>>>

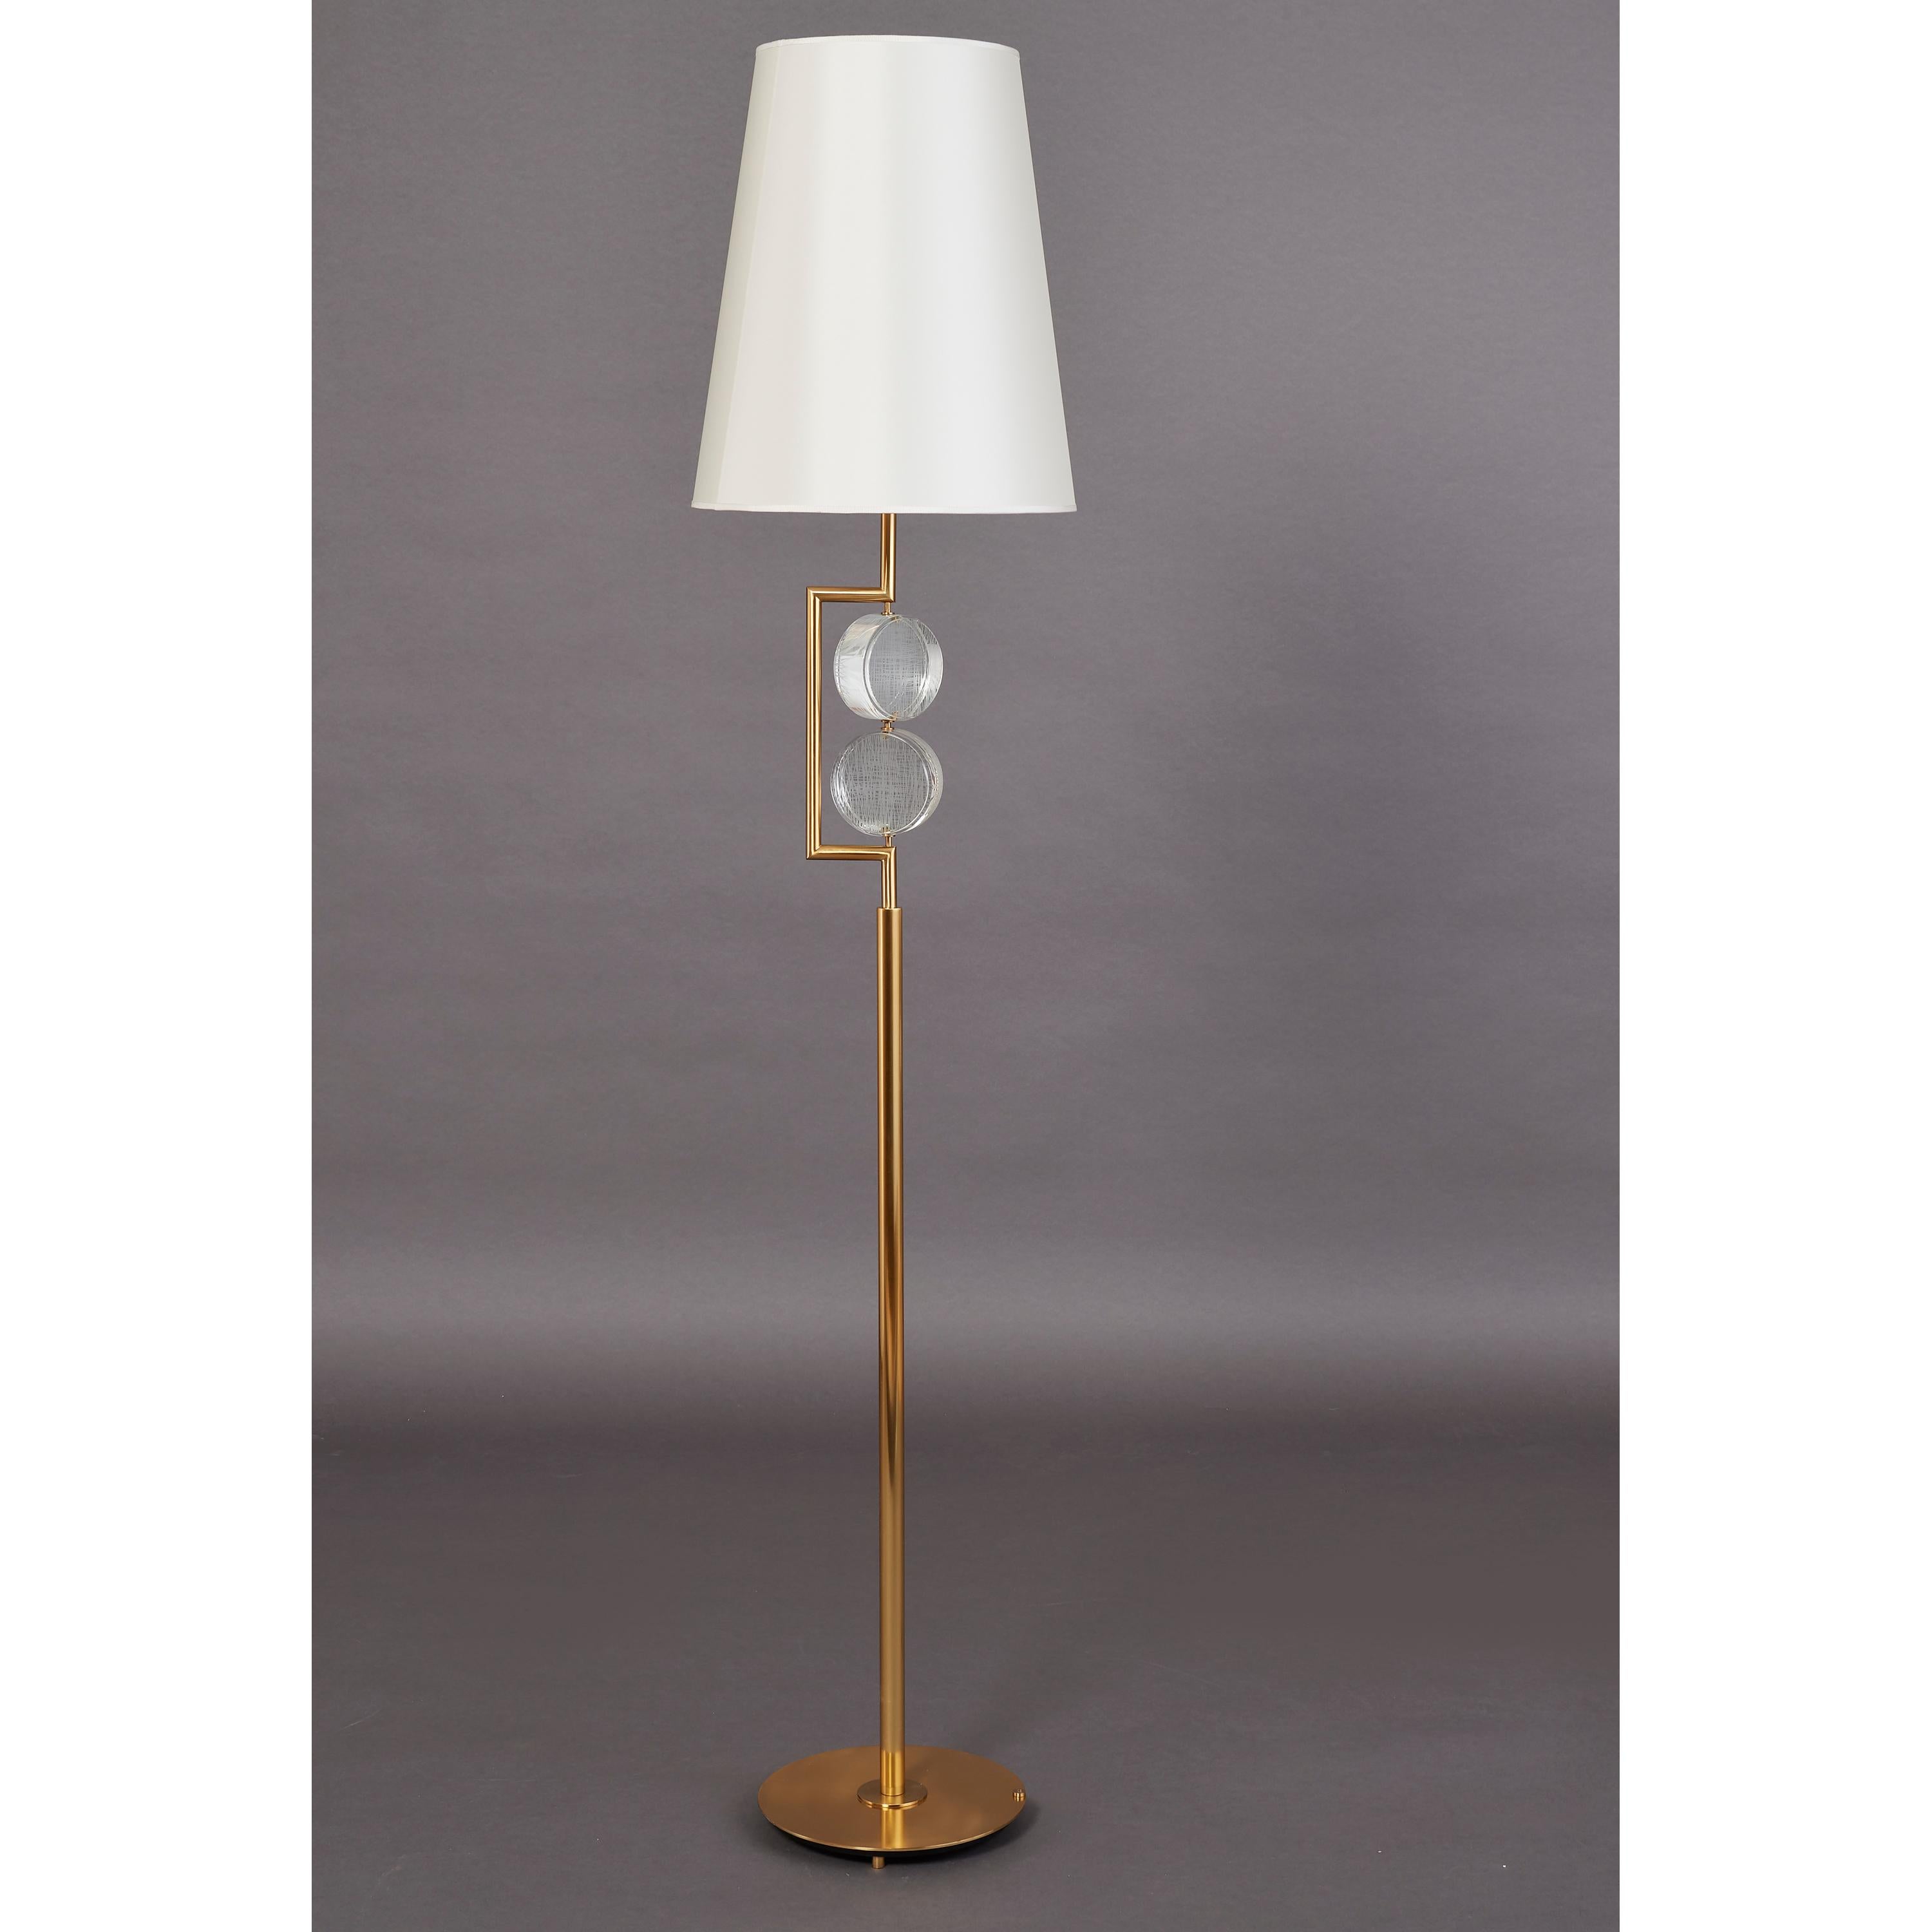 Roberto Guilio Rida
Standing lamp from the Bottoni series designed for L'Art de Vivre
Hand ground optical clear glass engraved on both sides with delicate tracery, brass mounts.
Italy, 2018
Measures: 14 Ø x 68 H
Wired for the USA with 4
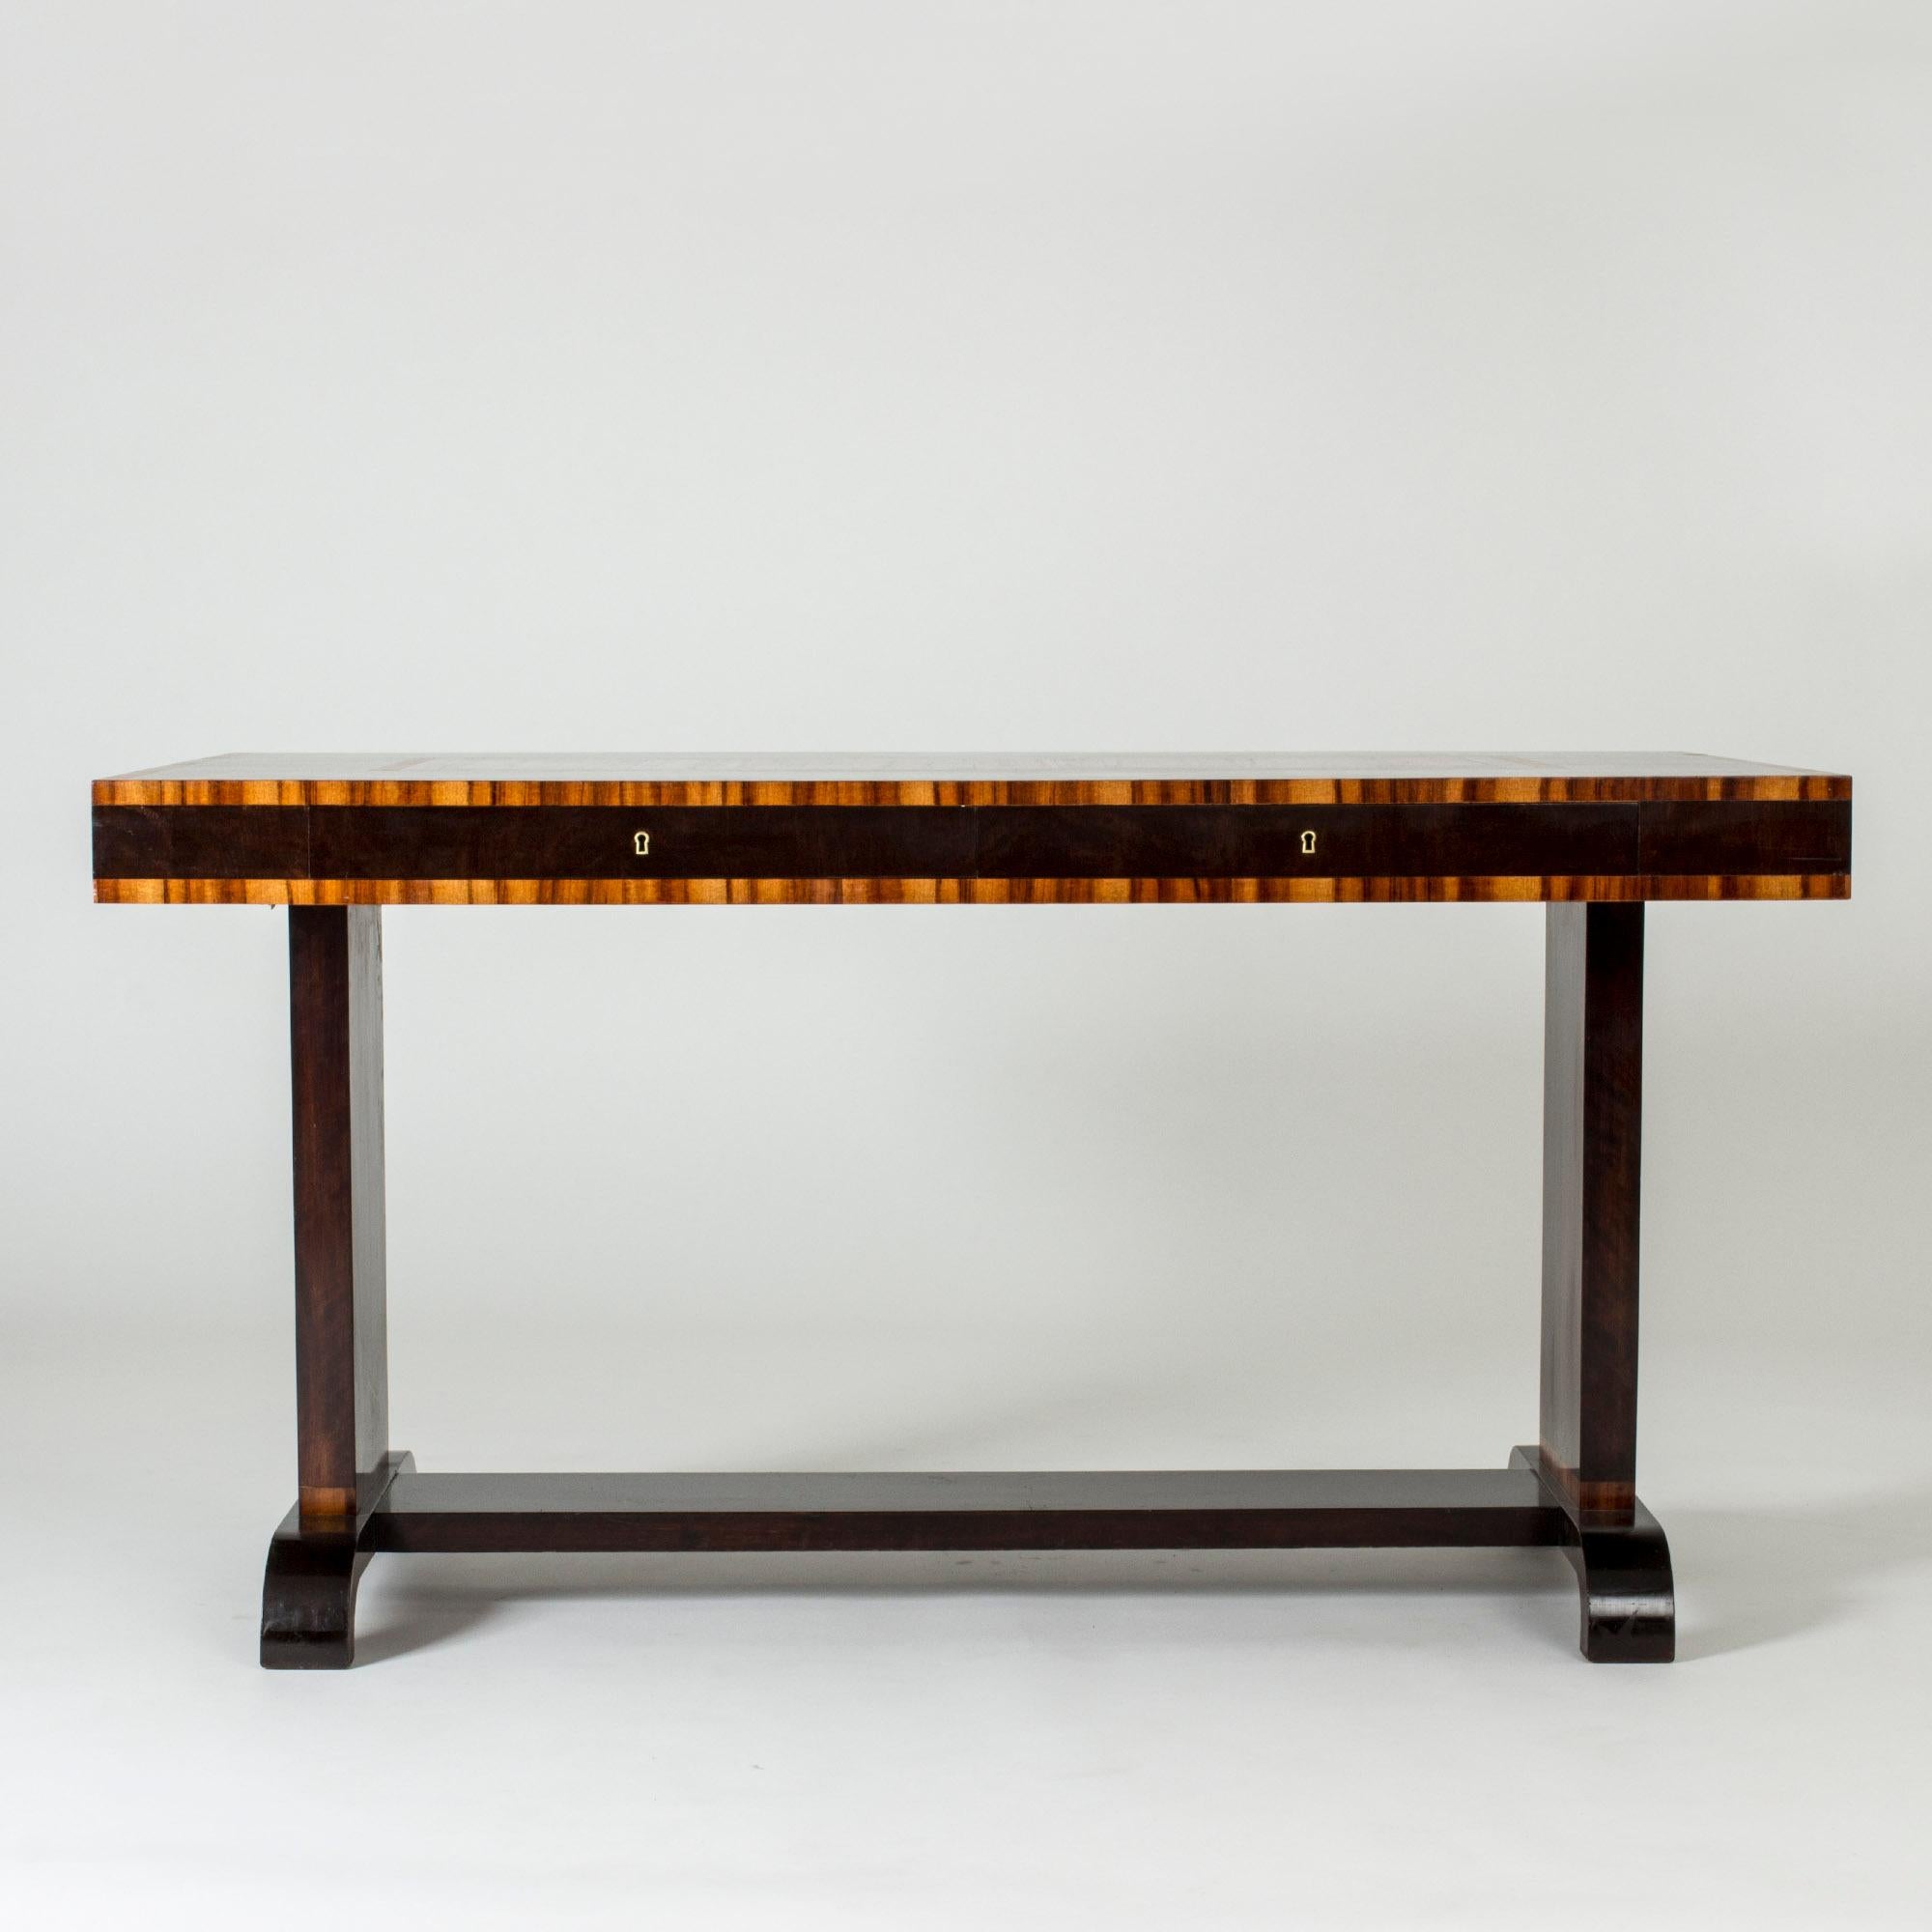 Amazing desk by Axel Larsson, made from dark stained wood with striking contrasting wood inlays with a striped pattern. Distinct functionalist design.

<<<

Your instructions ▸
If pictures appear, drop them, and retype exactly the lines from the "Measures: 14 Ø x 68 H" line through the last line of the data above.

Output for this exercise ▸
Measures: 14 Ø x 68 H
Wired for the USA with 4
 Amazing desk by Axel Larsson, made from dark stained wood with striking contrasting wood inlays with a striped pattern. Distinct functionalist design.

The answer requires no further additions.